Carlos Avila Gonzalez and Phillip Robertson, for the Pulitzer Center
Pasto, Colombia

A tour through Colombia's restless south

Two guerilla groups are active in the southern province of Nariño, the Cuban-inspired ELN and the FARC. Colombian Army units have been involved in killings and disappearances of the native Awa people, a community that finds itself caught between the rebels who cross their territory and the U.S.-backed Colombian army. Nariño, the poor but fertile state wedged between Ecuador and the Pacific, has more than its fair share of human rights violations and coca production. Much of Nariño's territory is only accessible by boat. There are only the few roads that connect back to the Pan-American highway.

In another burden to the citizens of Nariño, US spray planes flying out of Tumaco cross the jungle to dump tons of glyphosate defoliant as part of the coca eradication program. It has not slowed the arrival of cocaine in the United States at all, only pushed it from one place to another. Much of the coca production we will find is the work of campesinos who are only a step up from subsistence farmers.

A vast tracery of rivers descends from the Andes mountains to course through thick jungle until it finally empties into warm Pacific to the west. It is perfect terrain for revolutionaries and coca growers because the government cannot control the lengths of the Tapaje and Patia rivers.
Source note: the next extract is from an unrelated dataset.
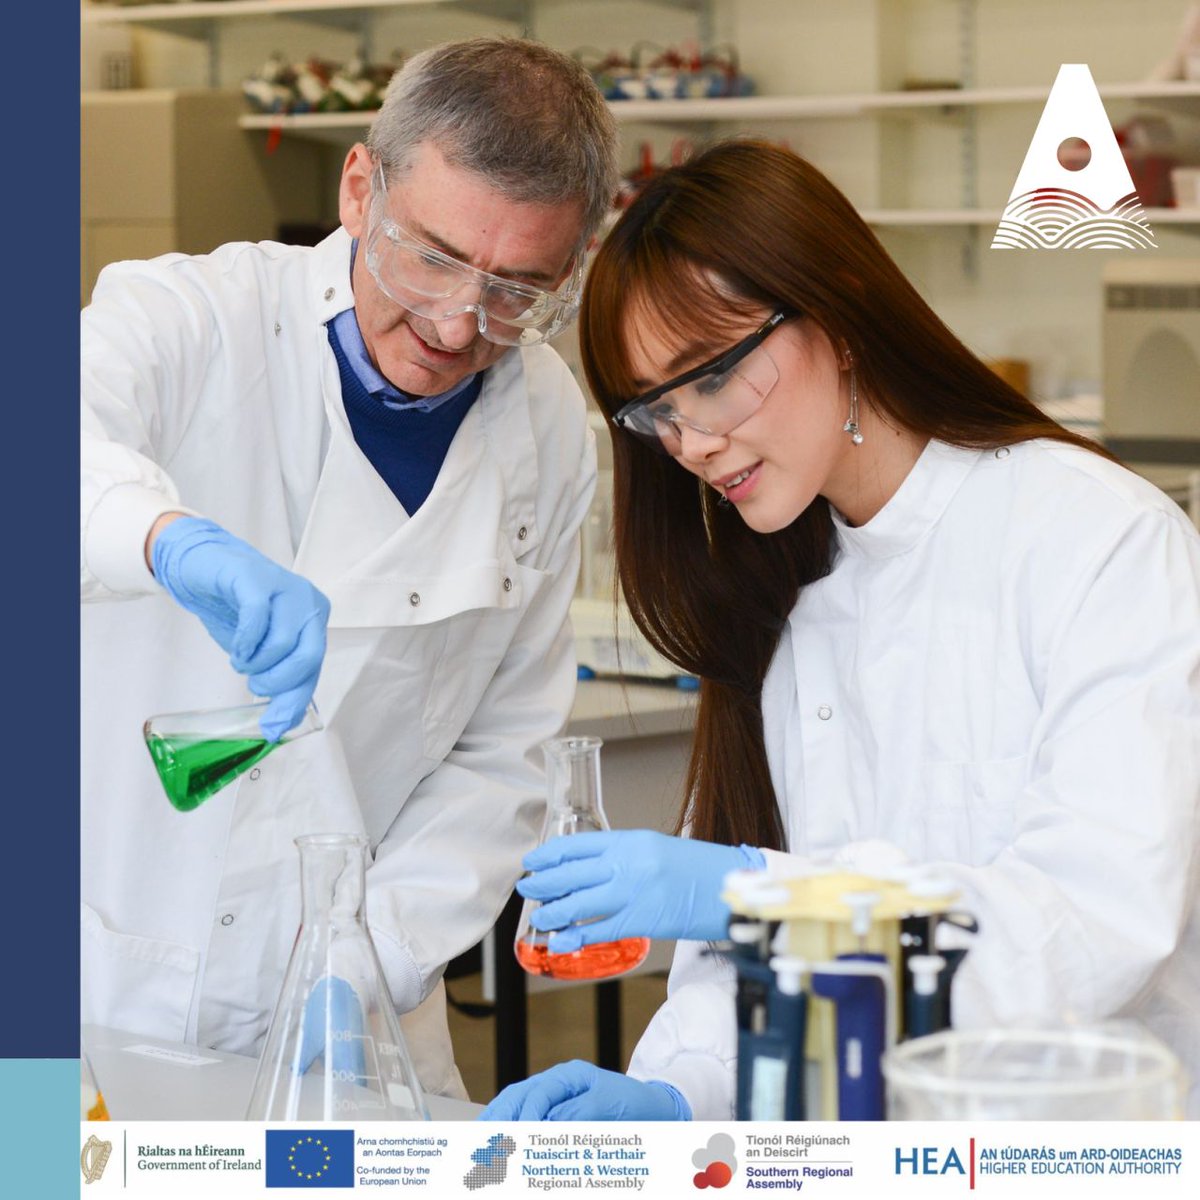 📣ATU announces 60 PhD scholarships under the Technological University Research and Innovation Supporting Enterprise (TU RISE) scheme which aims to builds research capacity between academia & regional enterprises in the west and northwest. ✍️ atu.ie/news/atu-annou… #AtlanticTU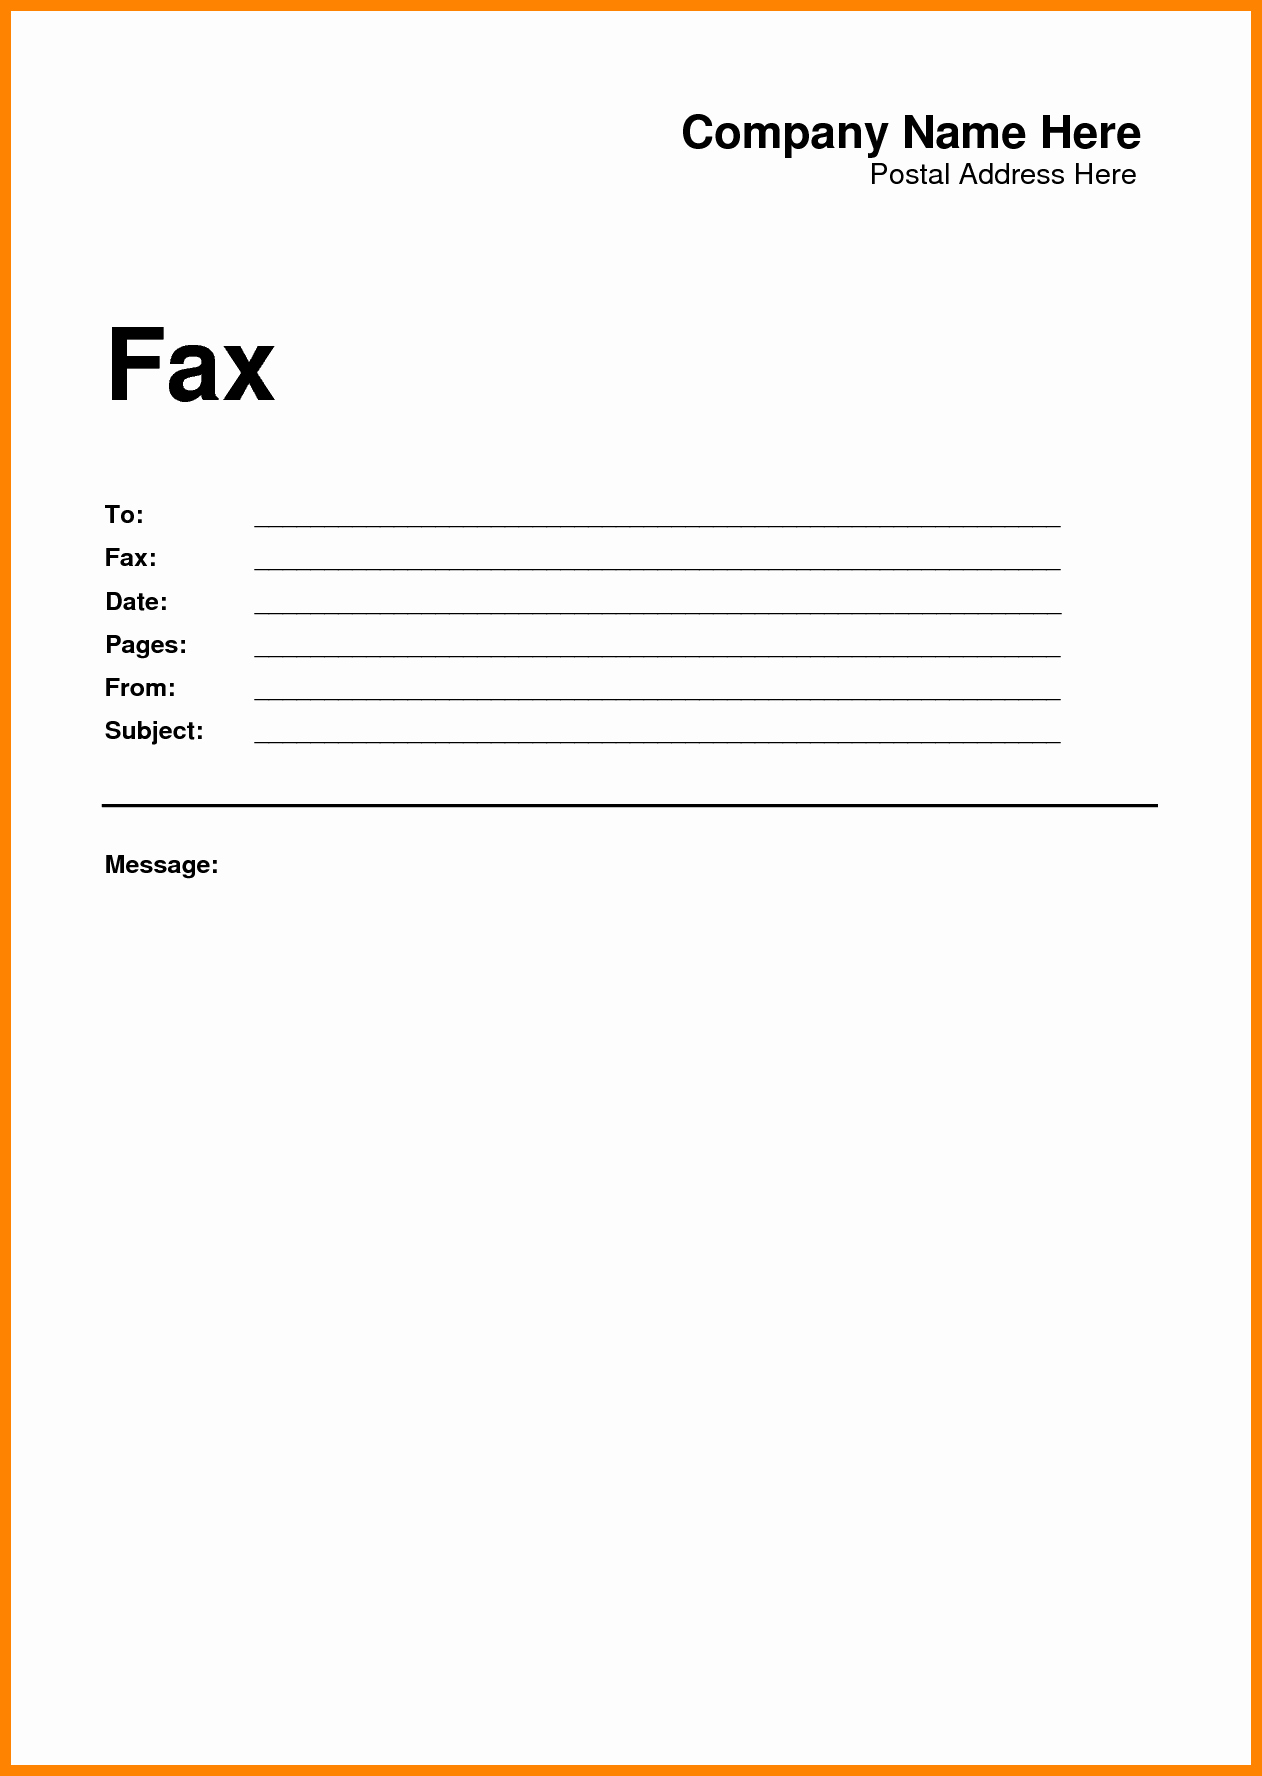 Fillable Fax Cover Sheet Template Fresh 6 Free Fax Cover Sheet

As Colombian units in their .50 caliber equipped Boston Whalers make their way upriver, a flood of refugees has been arriving downstream in small, poor towns like El Charco, caught between FARC and the Army.

According to the UN High Commission for Refugees, Colombia has the worst internal displacement problem in the Americas and follows somewhere behind Iraq and Sudan. This is why we are headed to Nariño, to see it firsthand. In the language of aid agencies, people who are forced from their homes but do not cross international borders are not refugees, they are IDP's, internally displaced people.

When we land at Pasto's airport at five pm when the light looks as if it is radiating directly from the peaks. The buckled landscape of the cordillera is mountainous like Northern California with tropical forest covered peaks, it is a more mythical version of places I lived when I was kid. Forty-five minutes later, we arrive in Pasto in the shadow of the volcano Galeras.